### What the exercise asks
The reply should consist solely of the lines from the one that holds "aigle Wikimedia ..." through the last line of the material, reproduced exactly; no pictures belong in it.

### Recorded information
※

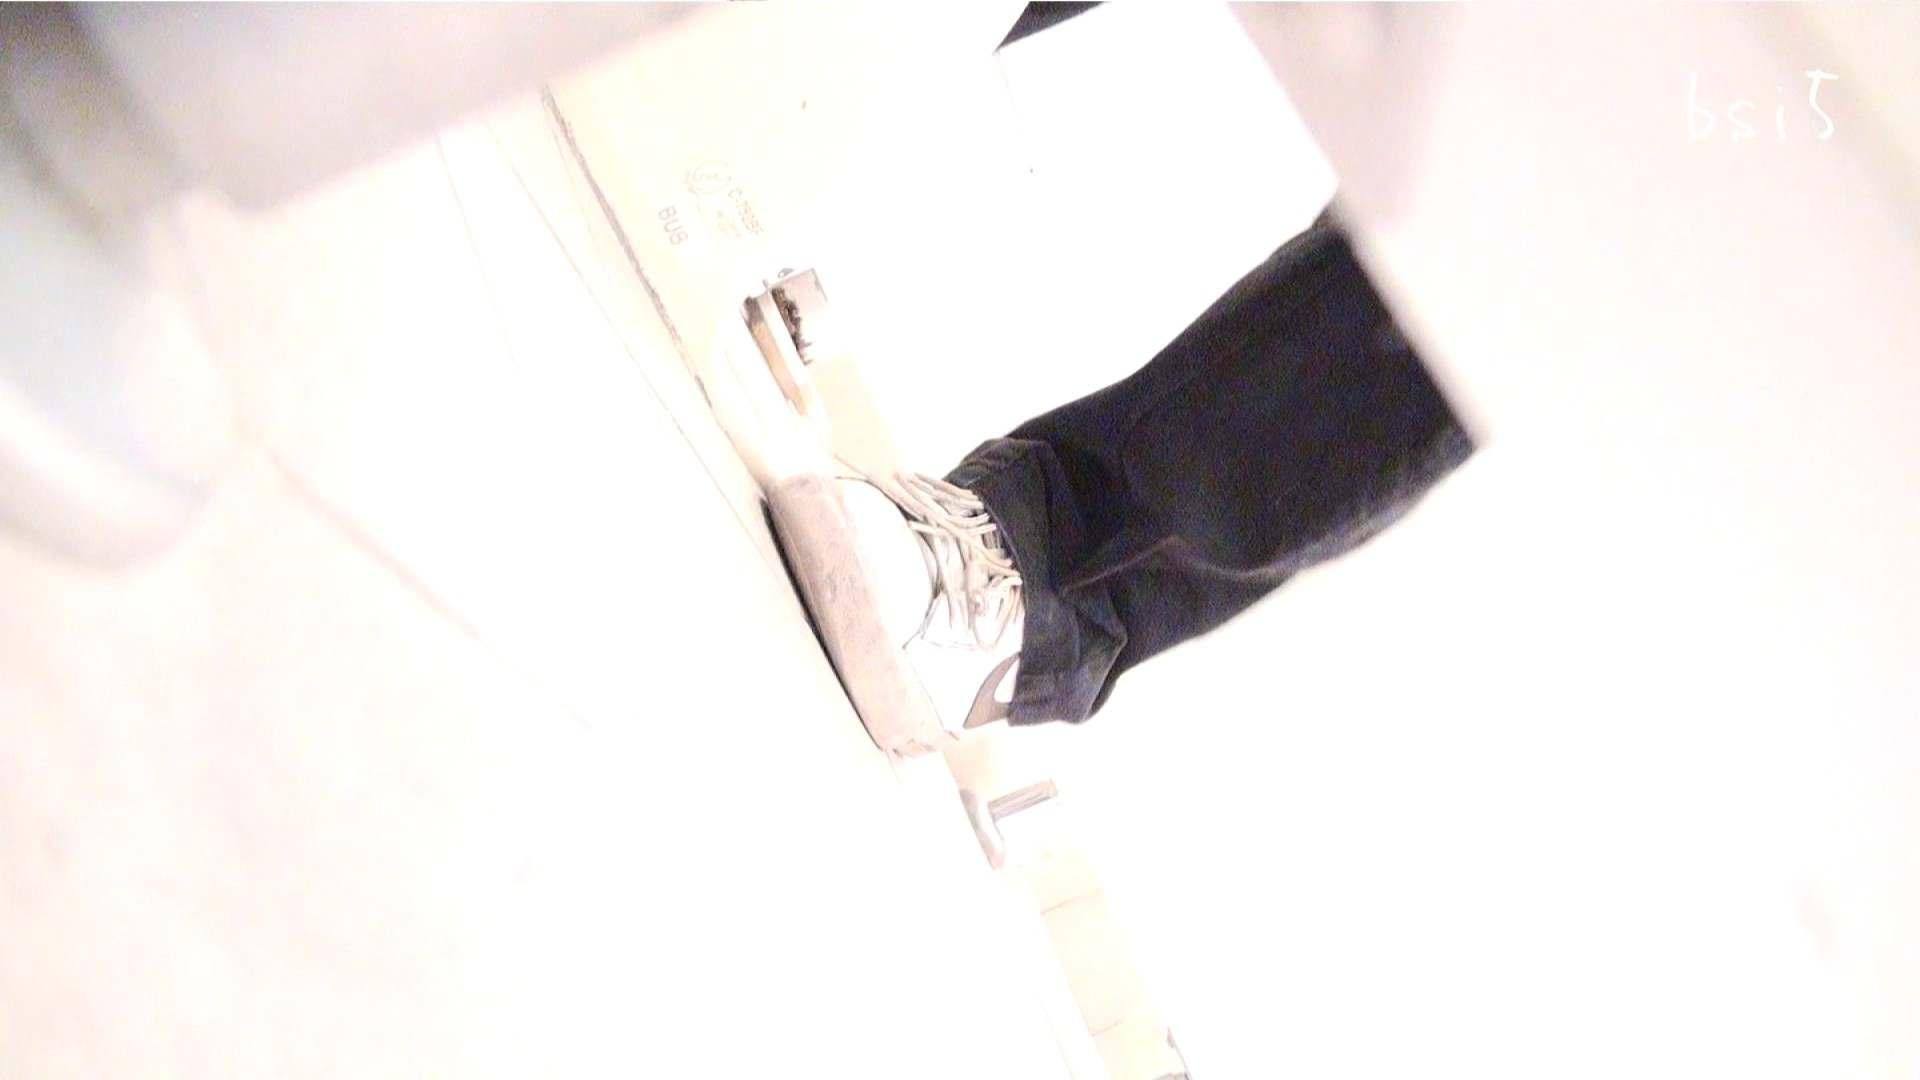 至高下半身盗撮-PREMIUM-【院内病棟編 】 vol.05 盗撮 オメコ動画キャプチャ 65PIX 46
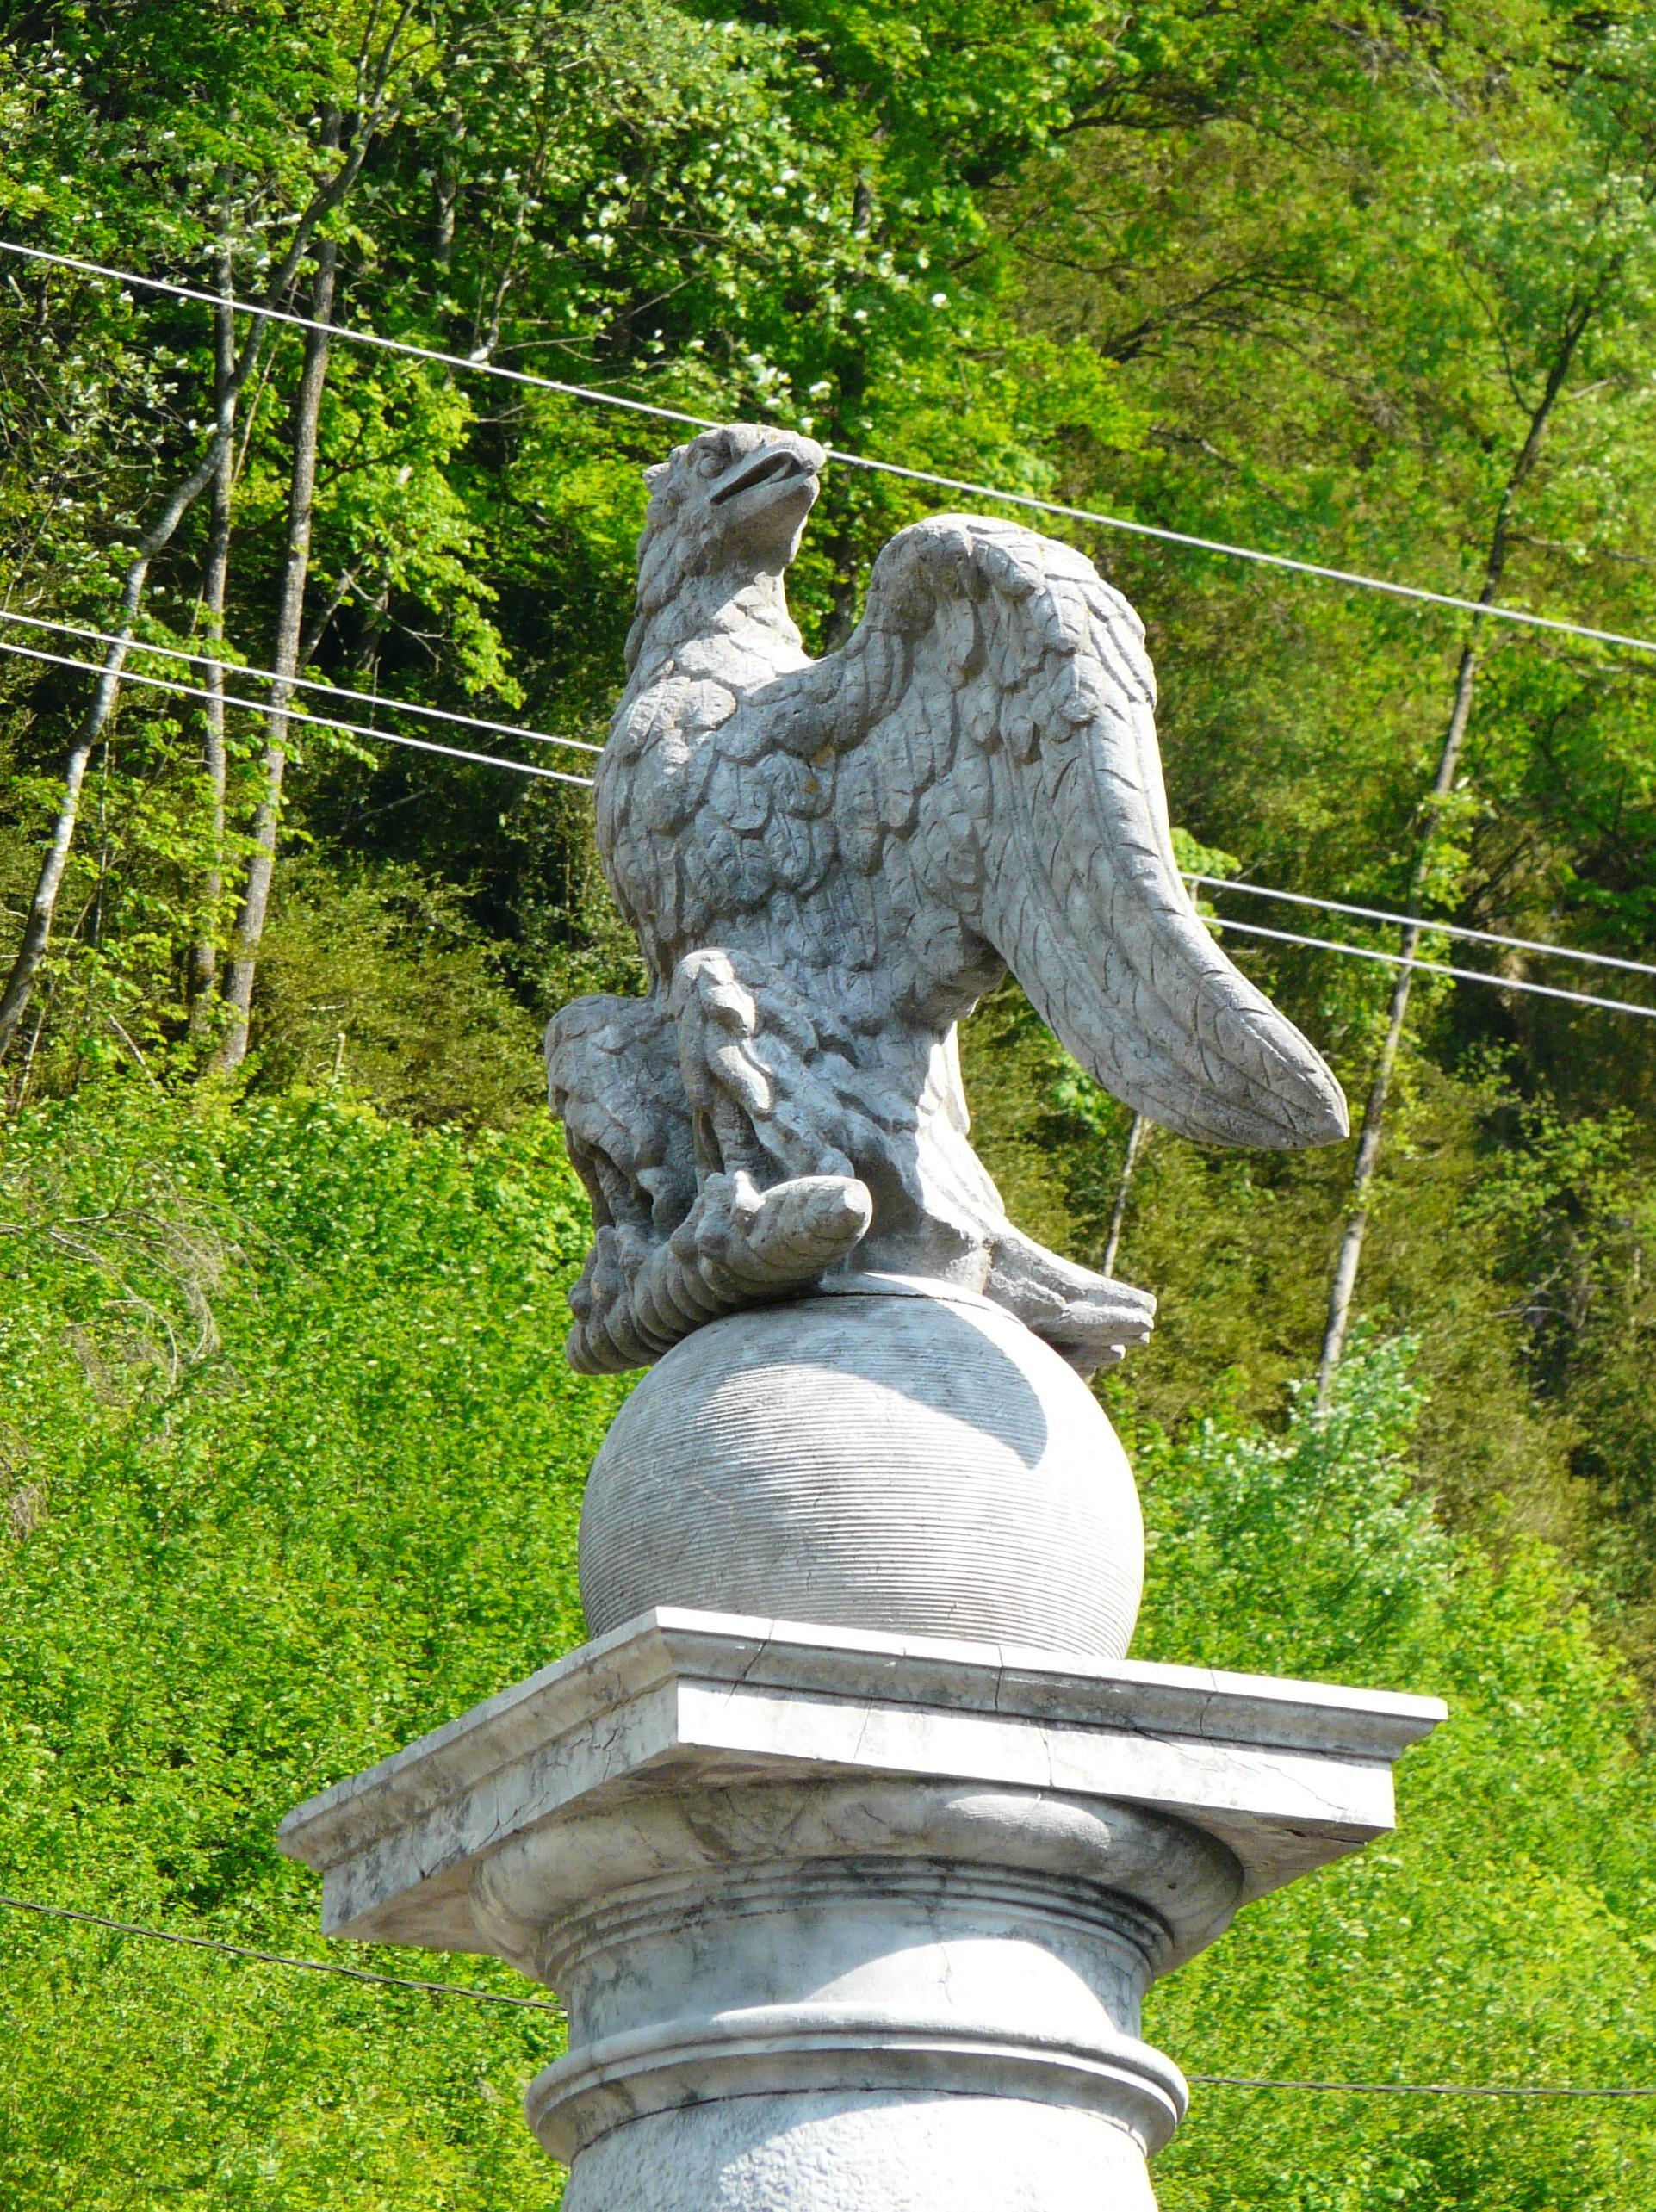 Luz-Saint-Sauveur France  City pictures : Luz Saint Sauveur pont Napoléon colonne aigle Wikimedia ...
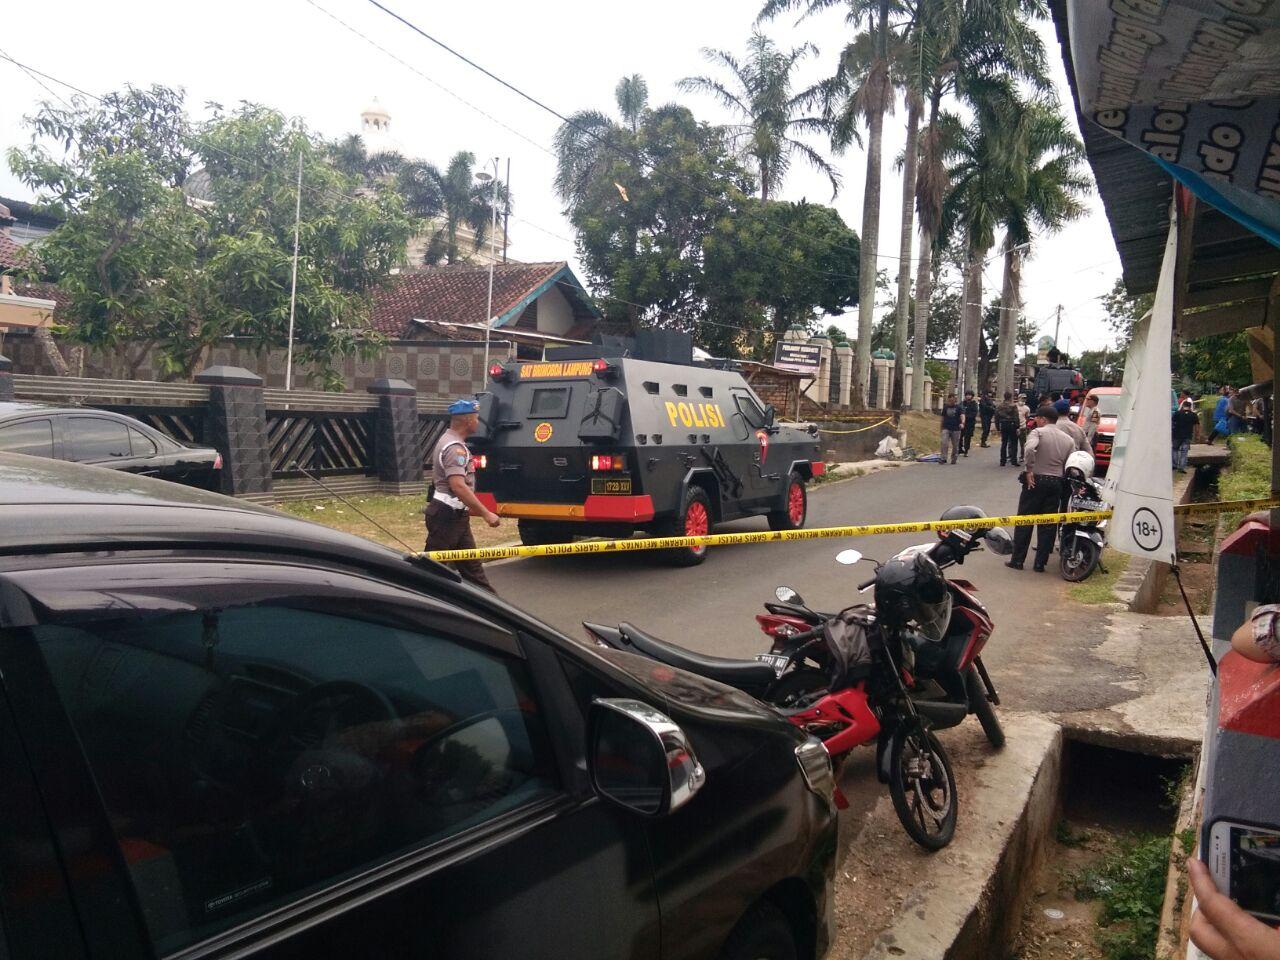 Ledakan dari Rumah Warga di Dekat Polsek Tanjungkarang Barat, Belum Jelas Asalnya
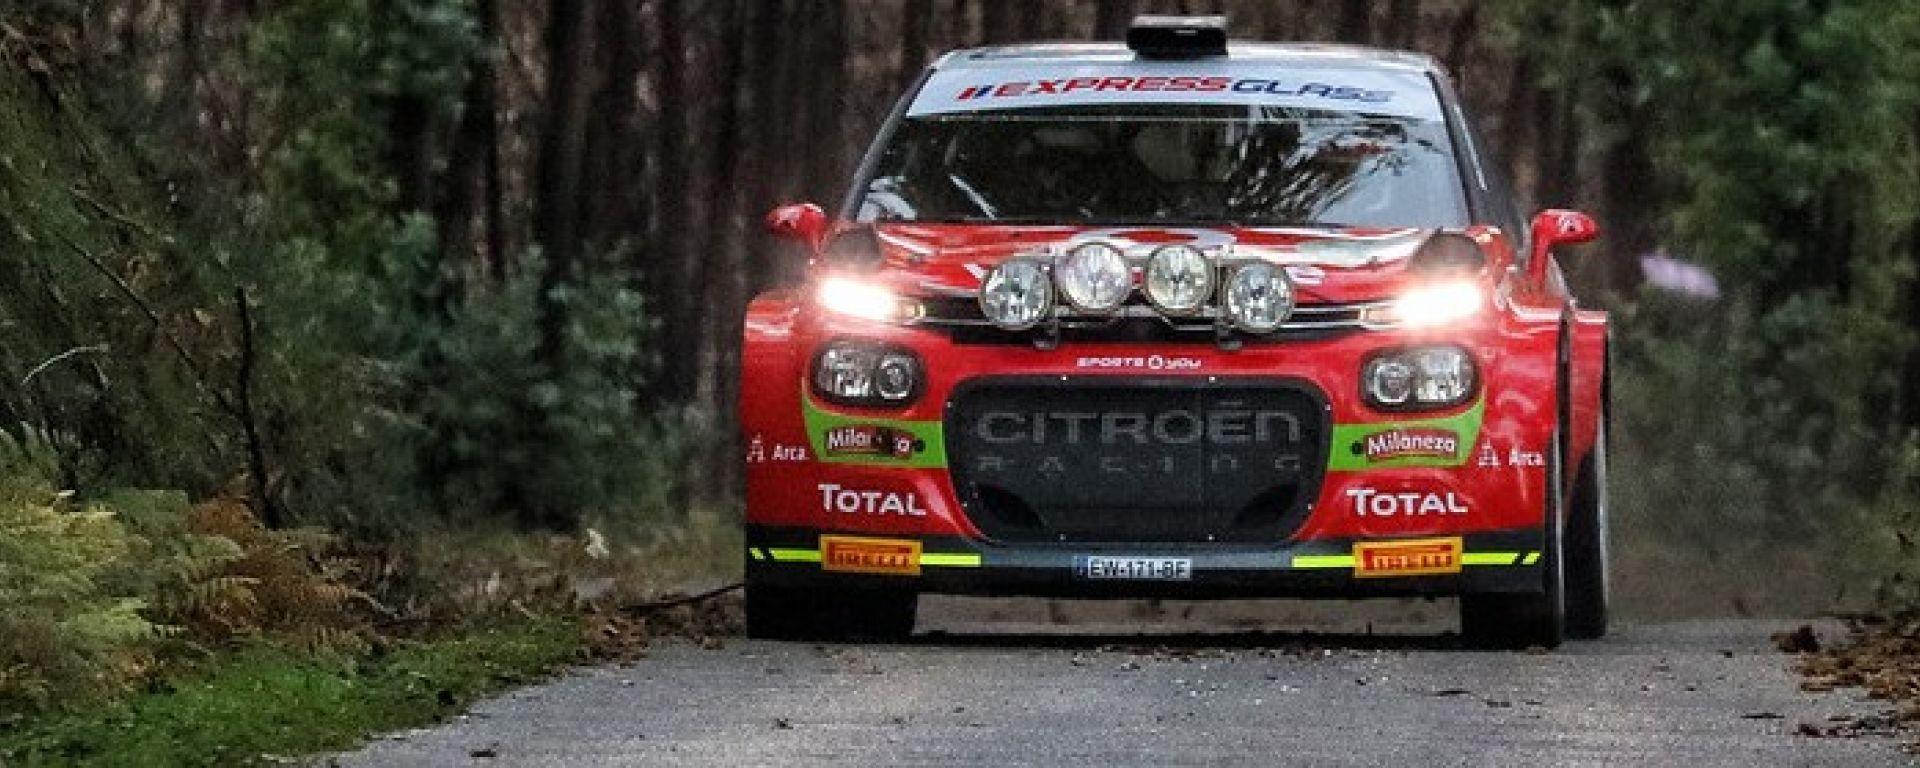 Citroen Italia Racing debutta nel Campionato Italiano Rally

※

### Solution for this task
 Luz-Saint-Sauveur France  City pictures : Luz Saint Sauveur pont Napoléon colonne aigle Wikimedia ...
 Ledakan dari Rumah Warga di Dekat Polsek Tanjungkarang Barat, Belum Jelas Asalnya
 Citroen Italia Racing debutta nel Campionato Italiano Rally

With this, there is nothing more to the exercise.